Could you please retype all of the entries exactly as they appear?

Start of SUPPLIED MATERIAL

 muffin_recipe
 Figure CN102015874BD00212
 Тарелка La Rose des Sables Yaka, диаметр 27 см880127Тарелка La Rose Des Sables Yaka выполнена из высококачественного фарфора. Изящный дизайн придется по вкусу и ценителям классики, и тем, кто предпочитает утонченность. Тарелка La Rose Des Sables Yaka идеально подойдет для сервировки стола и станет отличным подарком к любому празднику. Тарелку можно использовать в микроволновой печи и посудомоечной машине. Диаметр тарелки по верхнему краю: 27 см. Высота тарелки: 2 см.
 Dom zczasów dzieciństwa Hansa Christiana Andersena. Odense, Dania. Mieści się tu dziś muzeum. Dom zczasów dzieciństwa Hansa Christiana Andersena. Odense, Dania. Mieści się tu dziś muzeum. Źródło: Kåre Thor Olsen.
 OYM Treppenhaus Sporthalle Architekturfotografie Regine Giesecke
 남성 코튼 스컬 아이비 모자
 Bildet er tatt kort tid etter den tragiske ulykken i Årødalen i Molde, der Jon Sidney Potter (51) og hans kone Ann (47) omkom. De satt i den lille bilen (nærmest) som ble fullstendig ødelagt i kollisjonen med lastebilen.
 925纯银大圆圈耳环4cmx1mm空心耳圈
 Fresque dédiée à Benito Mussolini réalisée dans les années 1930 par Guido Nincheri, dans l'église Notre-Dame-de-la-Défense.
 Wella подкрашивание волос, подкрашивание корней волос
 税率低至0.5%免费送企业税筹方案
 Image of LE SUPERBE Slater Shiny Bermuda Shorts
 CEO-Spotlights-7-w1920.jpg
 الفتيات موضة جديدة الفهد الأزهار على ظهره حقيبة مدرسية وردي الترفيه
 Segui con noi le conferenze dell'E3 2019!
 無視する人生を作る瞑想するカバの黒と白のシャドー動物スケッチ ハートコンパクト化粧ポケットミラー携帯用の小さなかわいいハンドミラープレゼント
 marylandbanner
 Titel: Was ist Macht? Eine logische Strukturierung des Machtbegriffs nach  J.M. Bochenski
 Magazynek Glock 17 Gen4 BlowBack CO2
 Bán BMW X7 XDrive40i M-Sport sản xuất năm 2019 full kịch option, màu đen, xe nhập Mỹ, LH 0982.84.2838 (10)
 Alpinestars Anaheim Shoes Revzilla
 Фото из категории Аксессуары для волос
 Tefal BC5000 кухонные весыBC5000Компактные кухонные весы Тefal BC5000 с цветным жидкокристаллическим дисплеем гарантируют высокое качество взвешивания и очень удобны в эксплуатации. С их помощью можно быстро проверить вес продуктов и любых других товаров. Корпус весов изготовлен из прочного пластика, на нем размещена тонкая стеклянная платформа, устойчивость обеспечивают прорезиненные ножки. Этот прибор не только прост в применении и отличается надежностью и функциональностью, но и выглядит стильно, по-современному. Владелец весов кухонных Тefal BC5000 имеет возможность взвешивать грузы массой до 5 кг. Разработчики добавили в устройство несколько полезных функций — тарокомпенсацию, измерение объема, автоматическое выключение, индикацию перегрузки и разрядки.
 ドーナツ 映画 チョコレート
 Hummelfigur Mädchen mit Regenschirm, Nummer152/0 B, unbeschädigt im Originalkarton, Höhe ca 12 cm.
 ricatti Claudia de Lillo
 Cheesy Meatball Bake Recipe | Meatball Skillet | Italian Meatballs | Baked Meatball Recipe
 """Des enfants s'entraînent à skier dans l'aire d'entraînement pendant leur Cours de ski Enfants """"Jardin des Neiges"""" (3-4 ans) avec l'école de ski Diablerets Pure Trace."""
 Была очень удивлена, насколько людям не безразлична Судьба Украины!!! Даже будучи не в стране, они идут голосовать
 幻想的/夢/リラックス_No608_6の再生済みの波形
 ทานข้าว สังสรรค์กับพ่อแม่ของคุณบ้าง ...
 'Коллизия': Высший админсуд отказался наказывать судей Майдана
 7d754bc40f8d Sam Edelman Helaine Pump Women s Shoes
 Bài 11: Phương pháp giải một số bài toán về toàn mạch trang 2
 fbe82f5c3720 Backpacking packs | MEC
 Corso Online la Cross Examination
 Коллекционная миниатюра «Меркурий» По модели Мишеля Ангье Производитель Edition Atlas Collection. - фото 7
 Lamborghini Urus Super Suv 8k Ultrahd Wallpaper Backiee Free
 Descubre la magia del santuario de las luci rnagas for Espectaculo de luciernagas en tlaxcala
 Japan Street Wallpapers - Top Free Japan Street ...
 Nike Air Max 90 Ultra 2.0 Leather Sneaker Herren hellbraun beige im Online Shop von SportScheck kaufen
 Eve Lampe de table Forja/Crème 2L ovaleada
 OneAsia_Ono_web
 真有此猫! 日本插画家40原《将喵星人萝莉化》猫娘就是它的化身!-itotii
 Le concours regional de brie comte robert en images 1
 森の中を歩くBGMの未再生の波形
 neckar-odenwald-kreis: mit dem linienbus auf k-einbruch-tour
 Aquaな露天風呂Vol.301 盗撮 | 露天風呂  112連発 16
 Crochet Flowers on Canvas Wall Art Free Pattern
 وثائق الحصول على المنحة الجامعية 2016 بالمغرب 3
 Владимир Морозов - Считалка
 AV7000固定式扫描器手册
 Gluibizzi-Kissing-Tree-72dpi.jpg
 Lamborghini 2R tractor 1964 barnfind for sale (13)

End of SUPPLIED MATERIAL

ANSWER TO THE EXERCISE:
 muffin_recipe
 Figure CN102015874BD00212
 Тарелка La Rose des Sables Yaka, диаметр 27 см880127Тарелка La Rose Des Sables Yaka выполнена из высококачественного фарфора. Изящный дизайн придется по вкусу и ценителям классики, и тем, кто предпочитает утонченность. Тарелка La Rose Des Sables Yaka идеально подойдет для сервировки стола и станет отличным подарком к любому празднику. Тарелку можно использовать в микроволновой печи и посудомоечной машине. Диаметр тарелки по верхнему краю: 27 см. Высота тарелки: 2 см.
 Dom zczasów dzieciństwa Hansa Christiana Andersena. Odense, Dania. Mieści się tu dziś muzeum. Dom zczasów dzieciństwa Hansa Christiana Andersena. Odense, Dania. Mieści się tu dziś muzeum. Źródło: Kåre Thor Olsen.
 OYM Treppenhaus Sporthalle Architekturfotografie Regine Giesecke
 남성 코튼 스컬 아이비 모자
 Bildet er tatt kort tid etter den tragiske ulykken i Årødalen i Molde, der Jon Sidney Potter (51) og hans kone Ann (47) omkom. De satt i den lille bilen (nærmest) som ble fullstendig ødelagt i kollisjonen med lastebilen.
 925纯银大圆圈耳环4cmx1mm空心耳圈
 Fresque dédiée à Benito Mussolini réalisée dans les années 1930 par Guido Nincheri, dans l'église Notre-Dame-de-la-Défense.
 Wella подкрашивание волос, подкрашивание корней волос
 税率低至0.5%免费送企业税筹方案
 Image of LE SUPERBE Slater Shiny Bermuda Shorts
 CEO-Spotlights-7-w1920.jpg
 الفتيات موضة جديدة الفهد الأزهار على ظهره حقيبة مدرسية وردي الترفيه
 Segui con noi le conferenze dell'E3 2019!
 無視する人生を作る瞑想するカバの黒と白のシャドー動物スケッチ ハートコンパクト化粧ポケットミラー携帯用の小さなかわいいハンドミラープレゼント
 marylandbanner
 Titel: Was ist Macht? Eine logische Strukturierung des Machtbegriffs nach  J.M. Bochenski
 Magazynek Glock 17 Gen4 BlowBack CO2
 Bán BMW X7 XDrive40i M-Sport sản xuất năm 2019 full kịch option, màu đen, xe nhập Mỹ, LH 0982.84.2838 (10)
 Alpinestars Anaheim Shoes Revzilla
 Фото из категории Аксессуары для волос
 Tefal BC5000 кухонные весыBC5000Компактные кухонные весы Тefal BC5000 с цветным жидкокристаллическим дисплеем гарантируют высокое качество взвешивания и очень удобны в эксплуатации. С их помощью можно быстро проверить вес продуктов и любых других товаров. Корпус весов изготовлен из прочного пластика, на нем размещена тонкая стеклянная платформа, устойчивость обеспечивают прорезиненные ножки. Этот прибор не только прост в применении и отличается надежностью и функциональностью, но и выглядит стильно, по-современному. Владелец весов кухонных Тefal BC5000 имеет возможность взвешивать грузы массой до 5 кг. Разработчики добавили в устройство несколько полезных функций — тарокомпенсацию, измерение объема, автоматическое выключение, индикацию перегрузки и разрядки.
 ドーナツ 映画 チョコレート
 Hummelfigur Mädchen mit Regenschirm, Nummer152/0 B, unbeschädigt im Originalkarton, Höhe ca 12 cm.
 ricatti Claudia de Lillo
 Cheesy Meatball Bake Recipe | Meatball Skillet | Italian Meatballs | Baked Meatball Recipe
 """Des enfants s'entraînent à skier dans l'aire d'entraînement pendant leur Cours de ski Enfants """"Jardin des Neiges"""" (3-4 ans) avec l'école de ski Diablerets Pure Trace."""
 Была очень удивлена, насколько людям не безразлична Судьба Украины!!! Даже будучи не в стране, они идут голосовать
 幻想的/夢/リラックス_No608_6の再生済みの波形
 ทานข้าว สังสรรค์กับพ่อแม่ของคุณบ้าง ...
 'Коллизия': Высший админсуд отказался наказывать судей Майдана
 7d754bc40f8d Sam Edelman Helaine Pump Women s Shoes
 Bài 11: Phương pháp giải một số bài toán về toàn mạch trang 2
 fbe82f5c3720 Backpacking packs | MEC
 Corso Online la Cross Examination
 Коллекционная миниатюра «Меркурий» По модели Мишеля Ангье Производитель Edition Atlas Collection. - фото 7
 Lamborghini Urus Super Suv 8k Ultrahd Wallpaper Backiee Free
 Descubre la magia del santuario de las luci rnagas for Espectaculo de luciernagas en tlaxcala
 Japan Street Wallpapers - Top Free Japan Street ...
 Nike Air Max 90 Ultra 2.0 Leather Sneaker Herren hellbraun beige im Online Shop von SportScheck kaufen
 Eve Lampe de table Forja/Crème 2L ovaleada
 OneAsia_Ono_web
 真有此猫! 日本插画家40原《将喵星人萝莉化》猫娘就是它的化身!-itotii
 Le concours regional de brie comte robert en images 1
 森の中を歩くBGMの未再生の波形
 neckar-odenwald-kreis: mit dem linienbus auf k-einbruch-tour
 Aquaな露天風呂Vol.301 盗撮 | 露天風呂  112連発 16
 Crochet Flowers on Canvas Wall Art Free Pattern
 وثائق الحصول على المنحة الجامعية 2016 بالمغرب 3
 Владимир Морозов - Считалка
 AV7000固定式扫描器手册
 Gluibizzi-Kissing-Tree-72dpi.jpg
 Lamborghini 2R tractor 1964 barnfind for sale (13)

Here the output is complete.